6 thoughts on “Wildness is not limited”

  1. Andrew, what a beautiful post! I have missed these the past months. I loved your phrase “globose achene puffs” — just a gorgeous description. Enchanter’s nightshade has robbed me of a pair of socks, so covered with burs I had to throw them out. I learned a new plant, “Clearweed.” and I thoroughly enjoyed the discussion of Smilax — I had sort of given up on ever telling the difference between illinoensis, which we think we have on the Schulenberg, and ecirrahata, which I’m certain–well, almost certain—that we do have. I’m just not smart enough taxonomy wise to tell the difference, or perhaps I’ve just gotten lazy. At any rate, that discussion made me feel a lot better. 🙂 Keep up this beautiful writing, and hope to read more soon. — Cindy 🙂

    1. Thank you so much, Cindy. I appreciate your thoughts and insights, and I am sorry about your socks! I lost a sweater last year to Hackelia… curses!

      Smilax I’m still confused about. I rode home from the Arb today thinking about it. I don’t know what to think. This molecular article from the Cameron lab really impressed me, and left me doubting the existence of the spp: complete geography within that group, little if any species separation. But I think the jury’s still out.
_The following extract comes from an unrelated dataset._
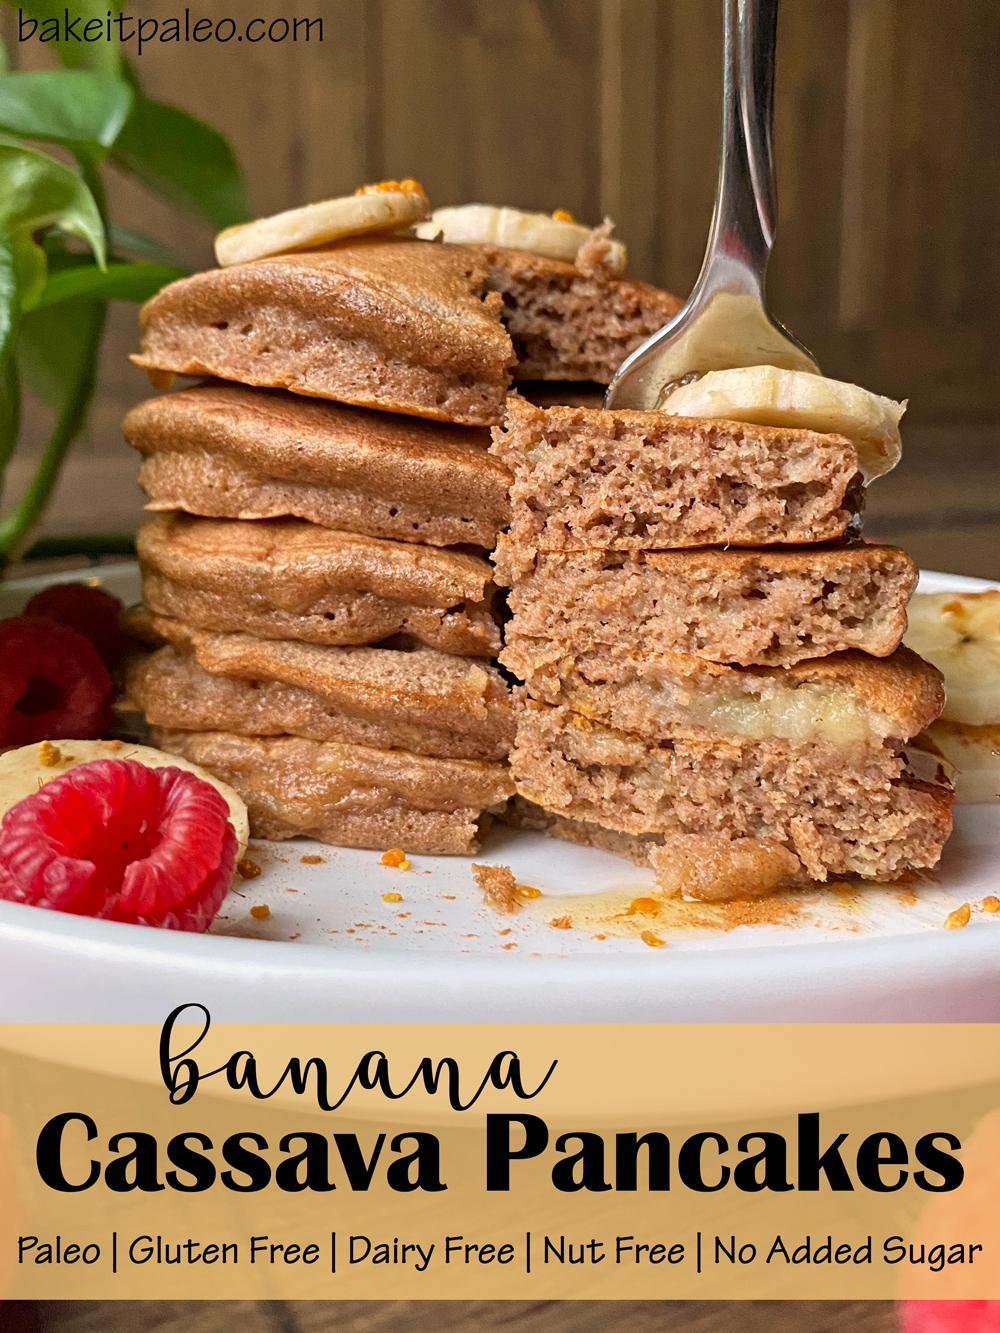 cassava-flour-breakfast-recipes

      Thank you again, Cindy, and take care. We’re overdue for a walk.

  2. I loved: That’s the irony: the harder and more often I look at this place, the more I find that I didn’t know, and I am immersed in wildness no matter where I am. When I look casually and visit less frequently, I notice mostly the things I’ve seen a thousand times before.
    So true, like many other endeavors in life!
    Thanks, Andrew.

  3. Hi Andrew,

    I always enjoy your blogs and it helps me keep up with my plant identification, as well as know what is blooming/growing in our neighboring Maple Grove.

    On Carpenter, just south of Gilbert, on the west side, I noticed a redbud blooming yesterday! This seems most unusual. It does have a southern exposure, but I never recall redbuds blooming in the fall. Is it late? Or early? Something to ponder…

    Irene

    1. Irene, thank you for your note and the observation. I’ve been struck by this with the mosses this year as well, watching these sporophytes come out. I realize mosses are not like vascular plants, have the capacity to get started again whenever conditions are right. But it makes me wonder the same things I think you are asking: is this the norm? am I just noticing it for the first time? or is this an odd year?

      Enjoy the week, and take care. Thank you again for writing.